Share your dilemmas and get honest opinions from other Mumsnetters.

to not know what to do for Christmas (in-laws related, apologies...)

154 replies

skylerwhite · 22/09/2013 13:12

DH and I have been married for 18 months. No DC. We live overseas, and our families live at different ends of our home country (300 miles apart). Last year we spent Christmas with my parents and siblings (big family), and went to visit PIL for a few days after Christmas, and then came back to our own house for New Year.

The question arises of what to do for this Christmas. I realise that it is probably reasonable to expect to 'take turns' and spent Christmas with PIL.

But.

I feel incredibly uncomfortable in PIL's house, and have never spent the night there (never been invited, and there isn't really room: only a spare box room). They basically do not know how to have people in their home, and never have visitors. They also do not have the best of relationships, and things are strained and awkward at times.

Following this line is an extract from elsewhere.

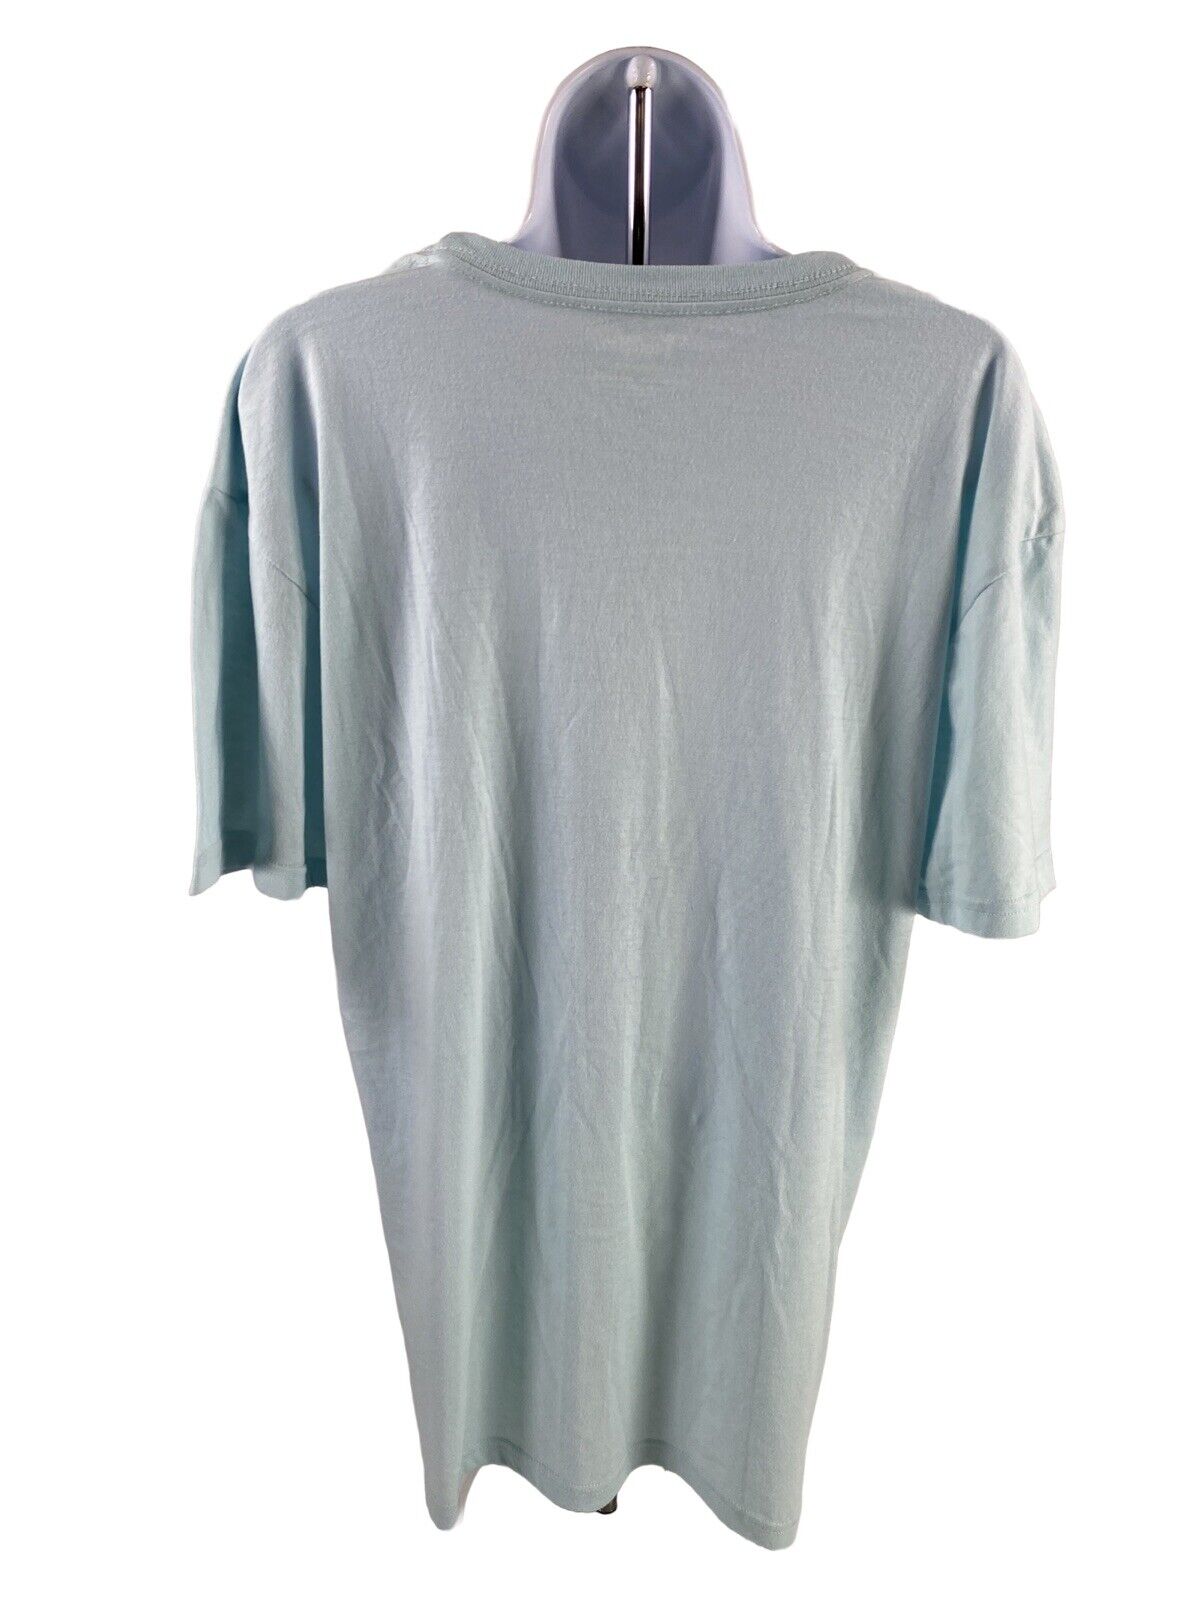 NUEVA camiseta Do Good de manga corta azul Ice de Cotopaxi para mujer - XL

On previous occasions when we were visiting we stayed in a hotel, which we can't afford this year. DH has one sister, who is married (lives near to PIL) and has just had a beautiful baby girl. Last year we stayed with SIL and her husband, and were treated appallingly - not even offered a cup of tea, and basically ignored the whole time. I don't think they even got up to see us out. I said that I would never stay in that house again, and even if they hadn't had a baby, I don't think I would. So that's out.

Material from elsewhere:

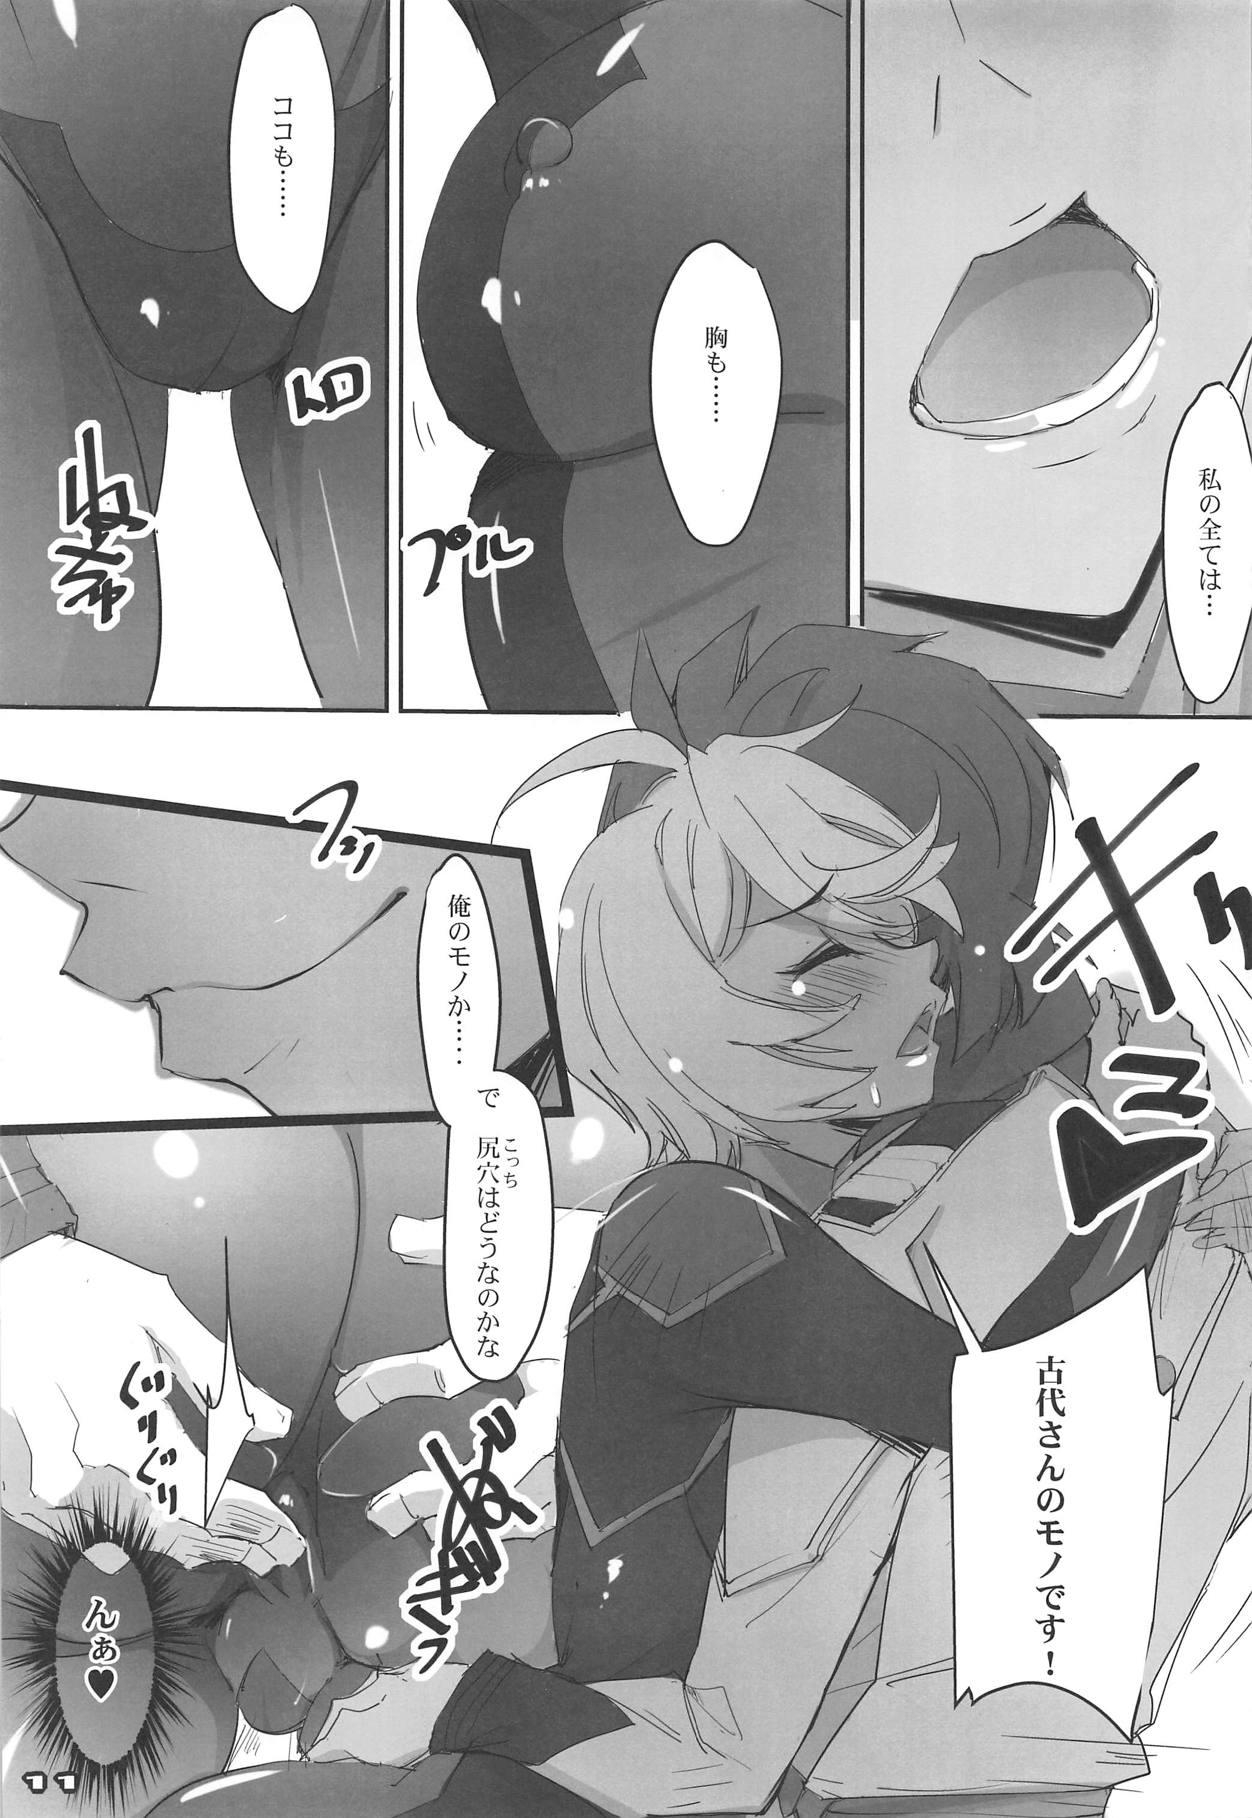 Grandma AKIRA2202 - Space battleship yamato 2199 Whore - Page 10

My parents are incredibly hospitable, and would love to have us for Christmas again. They are not, though, pressurising us in any way, and will be happy with whatever we decide. DH has said he doesn't want to put me through Christmas in his parents house, and that me being there would make it even more difficult for him as he would be worrying/fretting about how uncomfortable I was all the time. He sort of wants us to go to our own parents for Christmas, but I am not happy with this.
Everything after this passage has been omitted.